The sound and sustainable development of nanotechnology requires risk assessment of ENPs. While traditional analysis has shown the total metal concentration in environmental samples by acid digestion, this method is not capable of suggesting particle information, which is critical to ENP risk assessment. Therefore, proper methodologies are needed to conduct toxicity and exposure assessment. Measurement of nanomaterials, which is called nanometrology should provide not only the concentration but also their size and size distribution because their toxicity and fate has been reported to rely on their size, specific surface area, and number concentration. Though metrologic and analytic methods are generally considered to be the most important for ENP risk assessment, it is inevitable that our state of knowledge on nanometrology is very low. Several conventional analytic tools have been used to characterize or analyze ENPs for their size, size distribution, and surface properties. In order to better understand the limitation of the studies that discussed the ENP toxicity or fate, to select the most proper analytic methods, and to improve experimental techniques, it is essential to know their principles, advantages and disadvantages, to review the state of the art, and to offer the perspectives of nanometrology on ENP studies.

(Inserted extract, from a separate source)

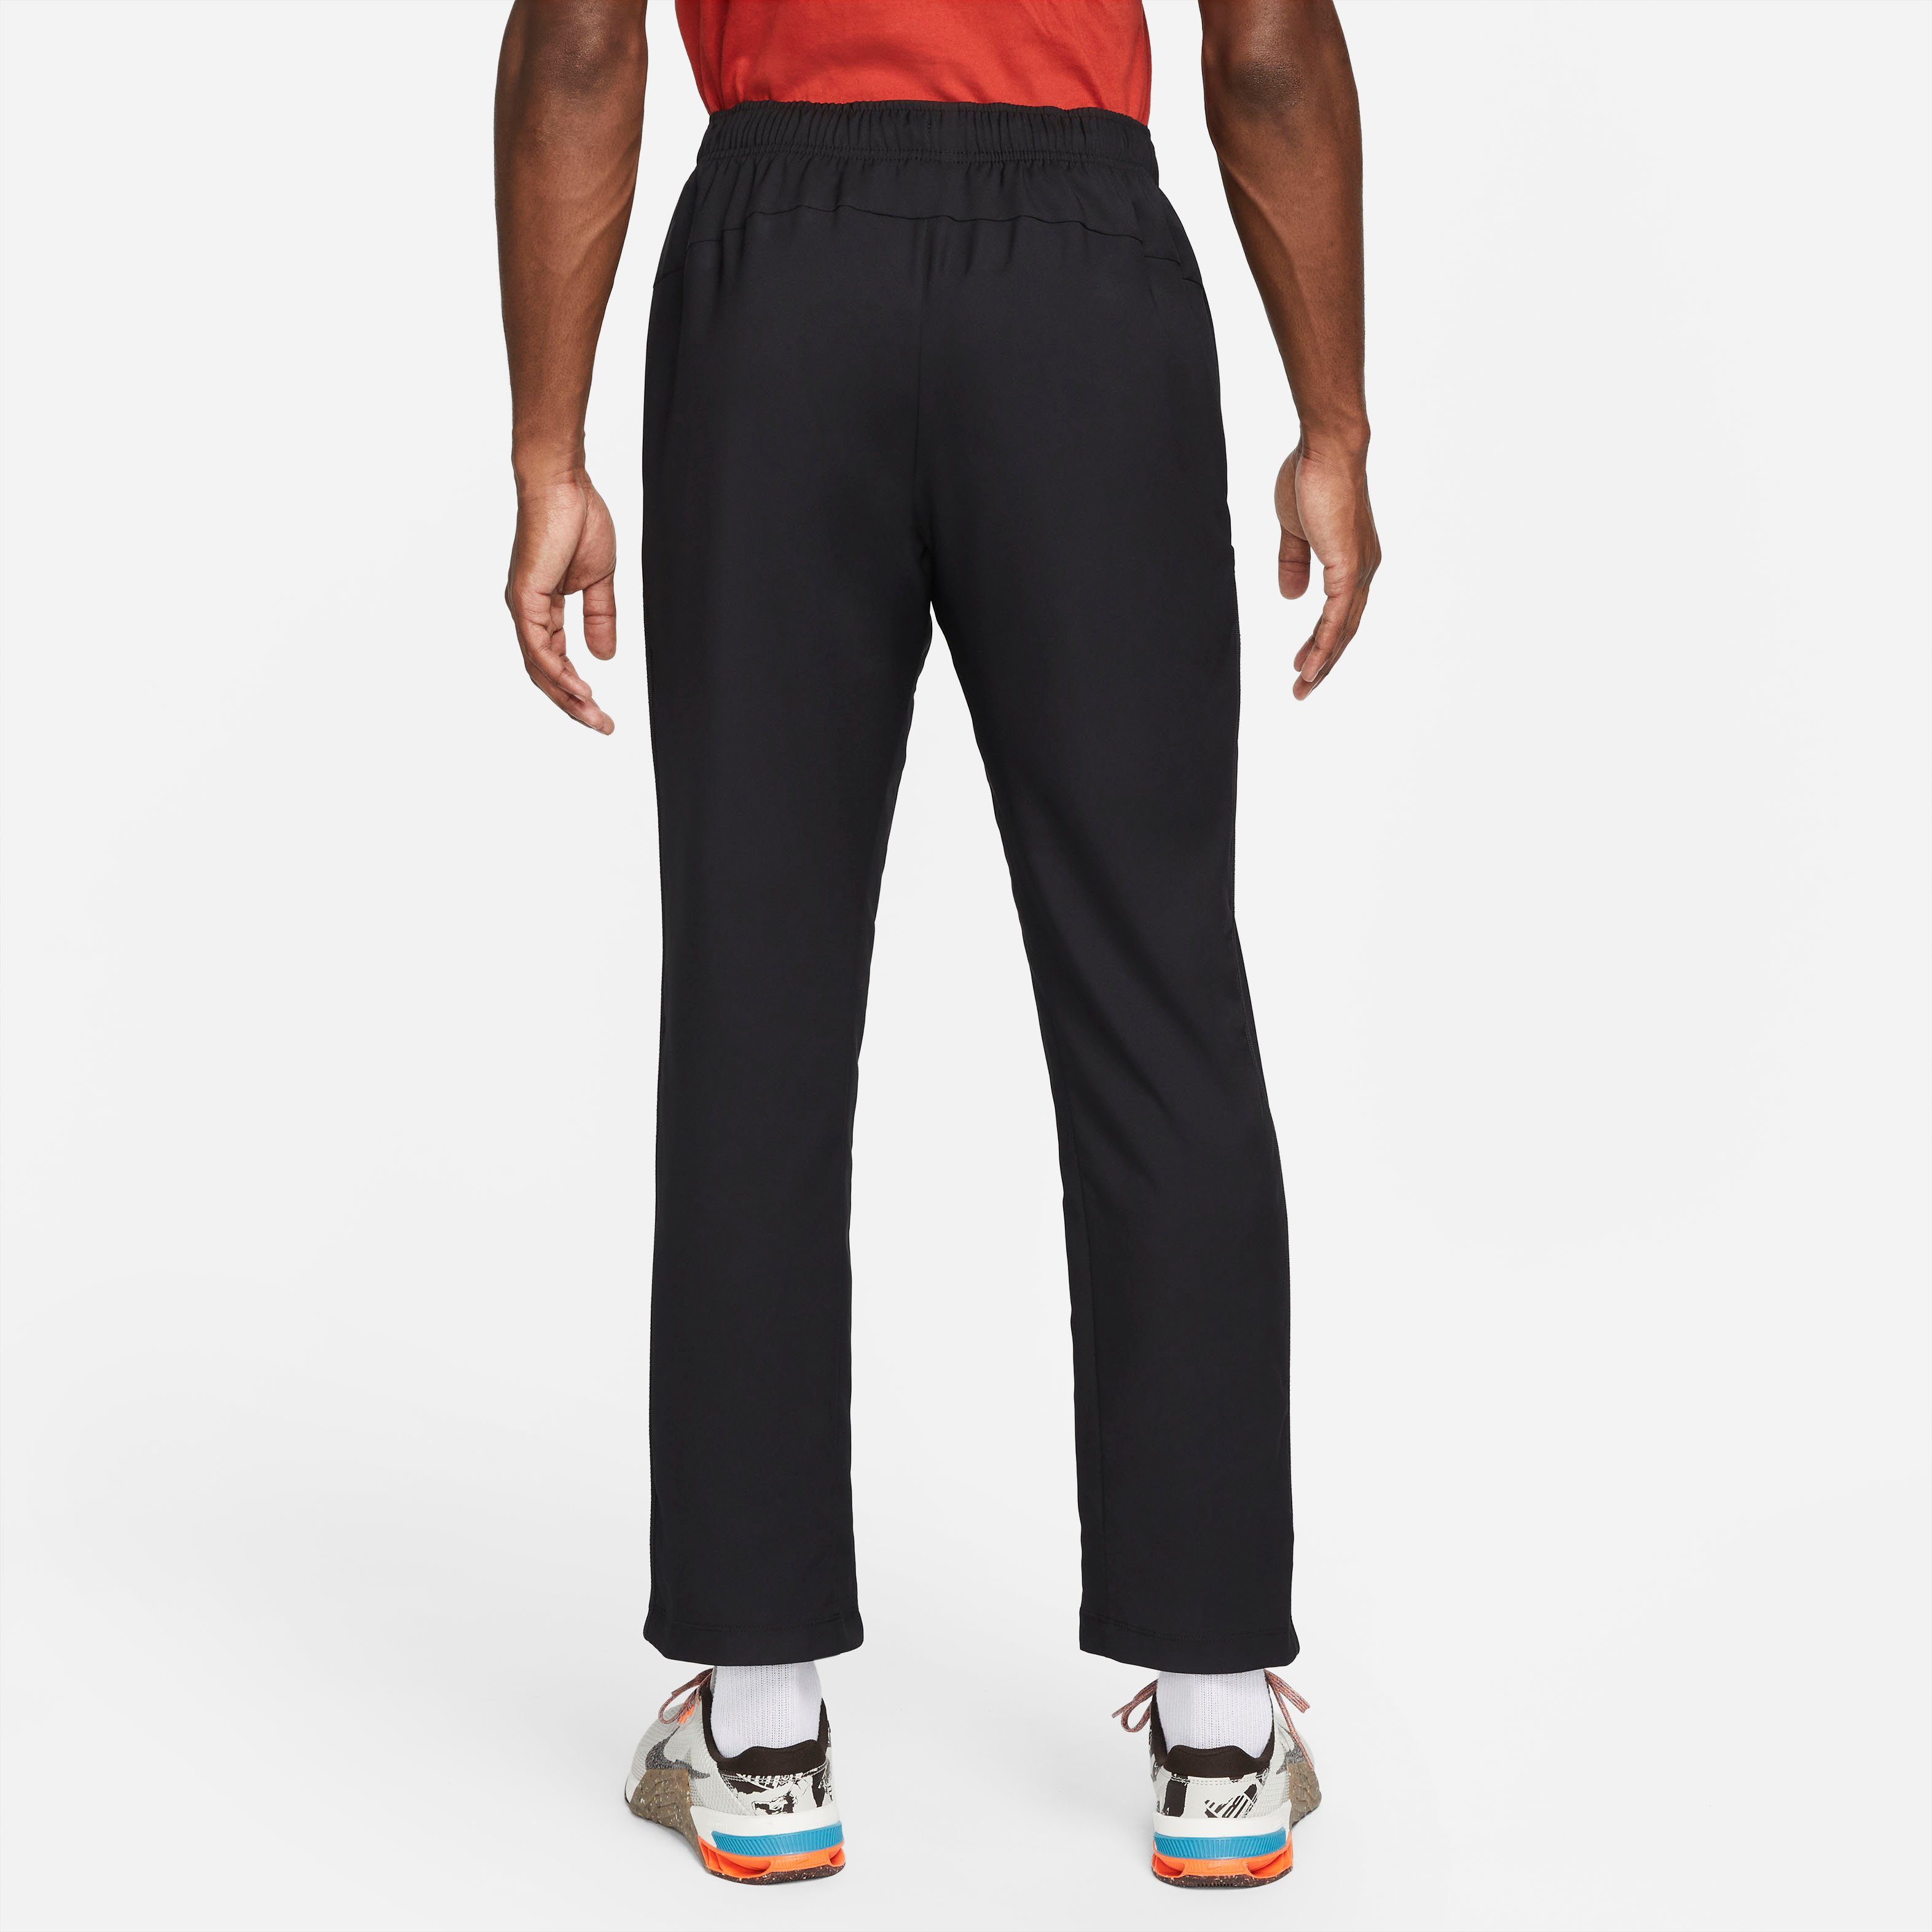 Men's Team Nike Pants Dri-FIT Sporthose Training Woven

Engineered Nanoparticles and Characterization
The most important properties of ENPs that should be characterized for environmental and ecotoxicology study are the size and number based size distribution. Nanomaterials have one dimension less than 100 nm, whereas nano-objects have two dimensions less than 100 nm, while nanoparticles have three dimensions of less than 100 nm [15]. The European Commission (EC) Framework Programme 7 has funded project ‘NanoImpactNet’, with an open forum for the discussion of current opinions on nanomaterials in relation to human and environmental issues. One of the issues in the 2008 workshop was “what properties should be characterized for nanomaterials”. Six main properties of ENPs (size, dissolution, surface area, surface charge, surface composition, and surface chemistry) were chosen for the main priorities required for environmental and ecotoxicological studies. Among them, size and composition are the key properties because previous studies have shown that size played a significant role in the toxicity and ENPs act as a sink source of toxic metals. The EC has defined ‘Nanomaterial’ from a regulation aspect to natural, incidental, or manufactured materials containing particles, in an unbound state or as an aggregate or an agglomerate, and where, for 50% or more of the particles in number size distribution, one or more external dimensions is in the size range 1-100 nm [16]. This recommendation is solely based on the size of the constituent particles and refers to the number based size distribution.
Microscopic Analysis
Several powerful microscopic analyses can provide not only images of ENPs but also information on their elemental compositions. These techniques are based on visualizing ENPs using light, electron, or scanning probe. Among them, electron microscopy techniques are most common to detect and size ENPs, which have sub-nm resolution. Transmission electron microscopy (TEM) uses a bean of electrons that are transmitted through an ultra-thin specimen, interacting with a specimen as it passes through. From the interaction of the electrons transmitted through the specimen, an image is formed, magnified, and focused onto an imaging device, such as a fluorescent screen or a charge-coupled device camera (Figure 1). The resolution of TEM reaches about 0.07 nm, which is highly dependent on the thickness of the prepared sample as well as the accelerating voltage for the electron beam. Scanning electron microscopy (SEM) is another representative electron microscopic technique. Electron beam of SEM is generally scanned in a rater scan pattern and the beam position is combined with detected signal to produce an image. SEM has less resolving power than TEM. High resolution SEM has achieved resolutions of 1 nm and conventional SEM can detect up to 3 nm [17]. One advantage of SEM is that environmental SEM allows sample imaging under low pressure, fairly high humidity and without the requirement of a conducting overcoat [18]. Besides imaging ENPs, elemental composition can be determined using energy dispersive X-ray spectroscopy (EDS or EDX).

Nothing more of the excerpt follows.